Выбрать главу

Странно, что и раненые видят в нем врача, хирурга, ангела-спасителя, бога, кого угодно, но не человека. Так и относятся: спаси, помоги, сделай. Что ты глаза закрыл? Куда ты ушел? Зачем ты пьешь и ешь на ходу? Ты же у конвейера. Тебя же ждут. Ты хирург или кто? Теперь Штукин понял, что и это отношение раненых тоже защитный рефлекс. В самом полном и точном смысле — защитный. Чем быстрее прооперируют — тем больше шансов на спасение. Чем раньше эвакуируют — тем выше процент выздоровления. Чем вернее сделают операцию — тем скорее встанешь на ноги.

Конвейер требовал, вопил, грозился, крыл матом. Шли пневмотораксы, животы, черепа, ампутации. Для ведущего они перестали быть ранеными людьми, а лишь операциями по поводу… Необходимой работой для рук. И в зависимости от характера этой работы руки делали соответствующие движения — резали, зажимали, пилили, шили.

Штукин же мучительно стеснялся этих людей, стыдился своей слабости. Ему было муторно, а им больно. Он был усталым и измотанным и работой, и главным образом борьбой со своей слабостью, а они беспомощны. Они не замечали, да и не хотели замечать, его состояния. Они видели в нем лишь того, кто один мог избавить их от боли, от слабости, от угрозы смерти. Прошедшие через огонь боя, они имели право на внимание и заботу, на работу для них до изнеможения. Это их усилиями наши войска шли вперед. Это их телами и кровью покрывалась дорога освобождения. Так разве после всего этого они не заслужили самого элементарного права — права на жизнь, на спасение?

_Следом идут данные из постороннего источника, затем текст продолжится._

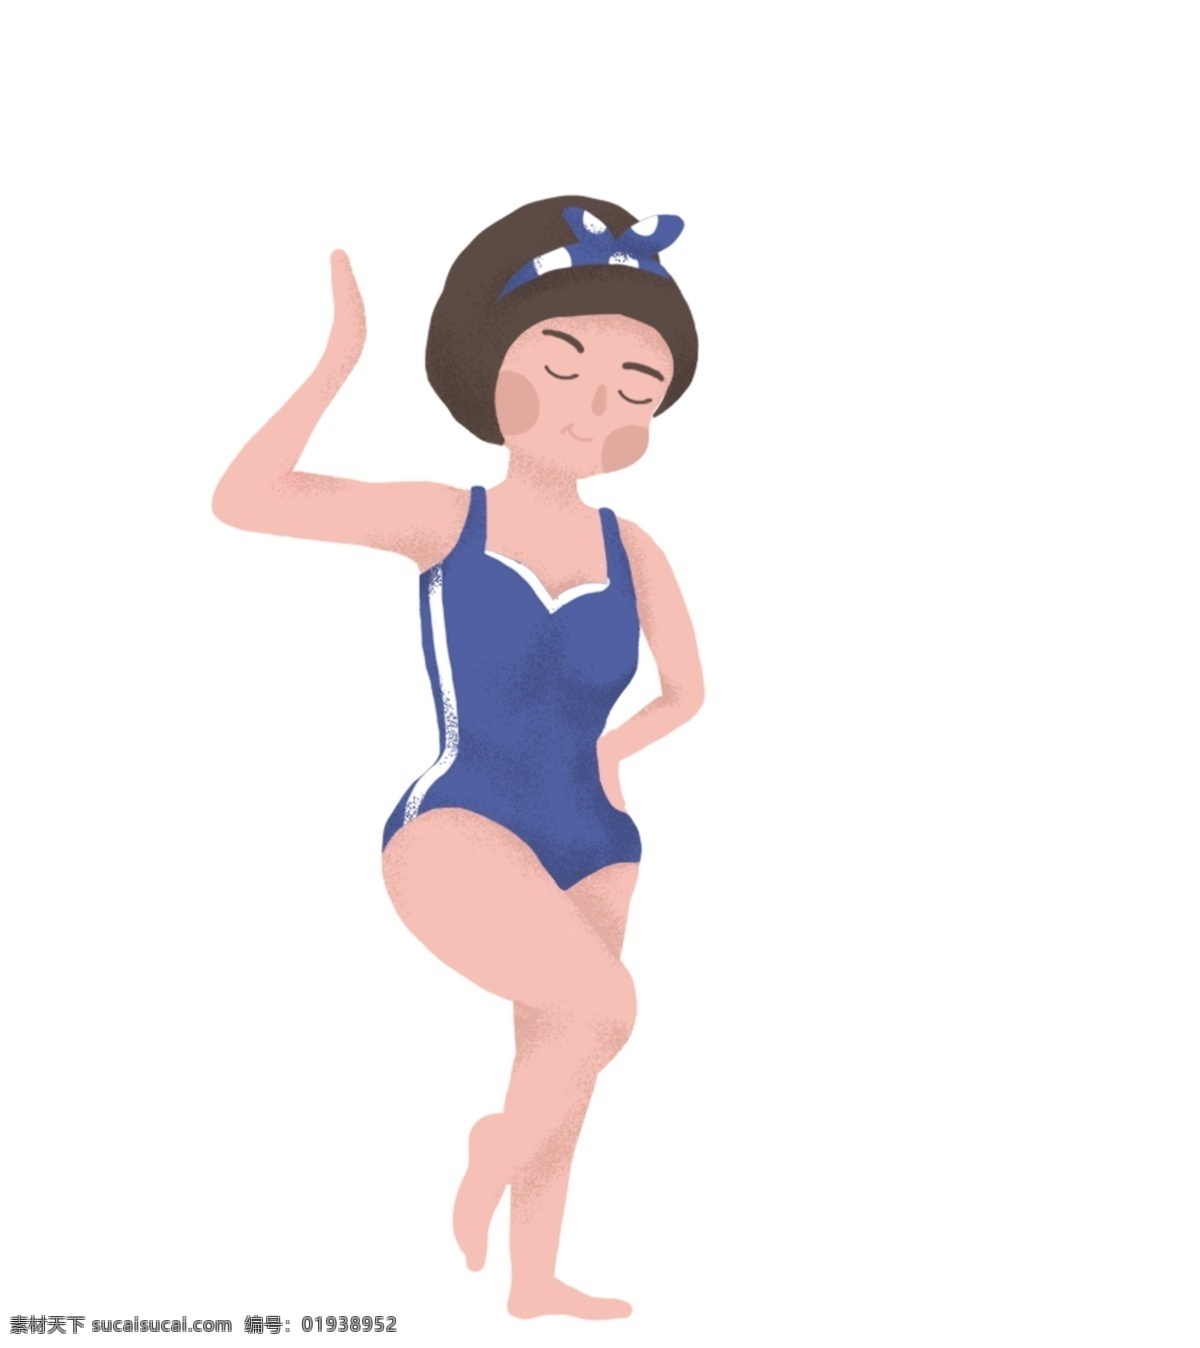 跳水 运动 运动员 插画 手绘 跳台 健身 段练身体 海滩 泳衣 女孩跳水 运动会 运动姿势

Штукин крепился. Штукин прилагал огромные усилия, чтобы скрыть от них свою слабость: при случае выходил на свежий воздух, пил горячий чай и однажды, по совету комбата, глотнул спирт из его фляжки. Не помогало. Хорошо еще, что он был в маске и раненые не видели его лица, а капельки пота на лбу были так естественны для работающего человека. Товарищам было не до него, они сами валились от усталости.

«А раненым труднее, а раненым труднее, — внушал себе Штукин. — Я должен потерпеть. Я должен сдержаться. Еще одного, вот этого, закопченного, с пневмотораксом».

Конвейер не думал снижать скорости. Он продолжал тянуть к ним на столы изуродованные, молящие о помощи, стонущие, изрыгающие ругань или притихшие, обессиленные, обескровленные тела.

«Нет, нет, этого невозможно оставить без помощи, — твердил Штукин. — Если не вывести его из шока, он умрет. Дорога каждая минута».

— А кровь еще есть? — спросил Штукин, чувствуя, что и говорит он уже через силу. — У него какая группа?

Кто-то из-за его спины отвечал ему. Кто-то вводил в руку раненого иглу.

«Ну, ну, — подбадривал себя Штукин, — этого под местный. Эфира не будет».

Но проклятым эфиром был насыщен весь воздух палатки. Казалось, никогда здесь и не было кислорода. Был только эфир, эфир, эфир.

«Он не только в воздухе. Он во мне. Я уже пропитан им на всю жизнь, и он от меня исходит. Я сам каждой своей клеточкой, каждой альвеолой выделяю эфир… Но этого нельзя бросить. От минуты, быть может, от нескольких секунд зависит его жизнь».

У Штукина кружилась голова. К горлу подступая комок, и, как он ни старался проглотить его, комок упорно удерживался, давил и затруднял дыхание.

«Еще чуть-чуть, — твердил Штукин. — Закончу с этим и выскочу на воздух. Еще чуть-чуть…»

— Жгут, — произнесла сестра и назвала время наложения жгута.

Штукин даже и не уловил смысл слов, точно так же, как не заметил, каким образом и когда поменяли раненых. Он покосился и увидел действительно новое лицо — бледное, с синими губами и с круглым родимым пятнышком на правой щеке. Он подумал, что это грязь, и хотел сделать сестре замечание за то, что она не обтерла раненого. Но у него не было сил на разговоры. Язык больше не слушался его. А комок все подпирал и подпирал, затрудняя дыхание.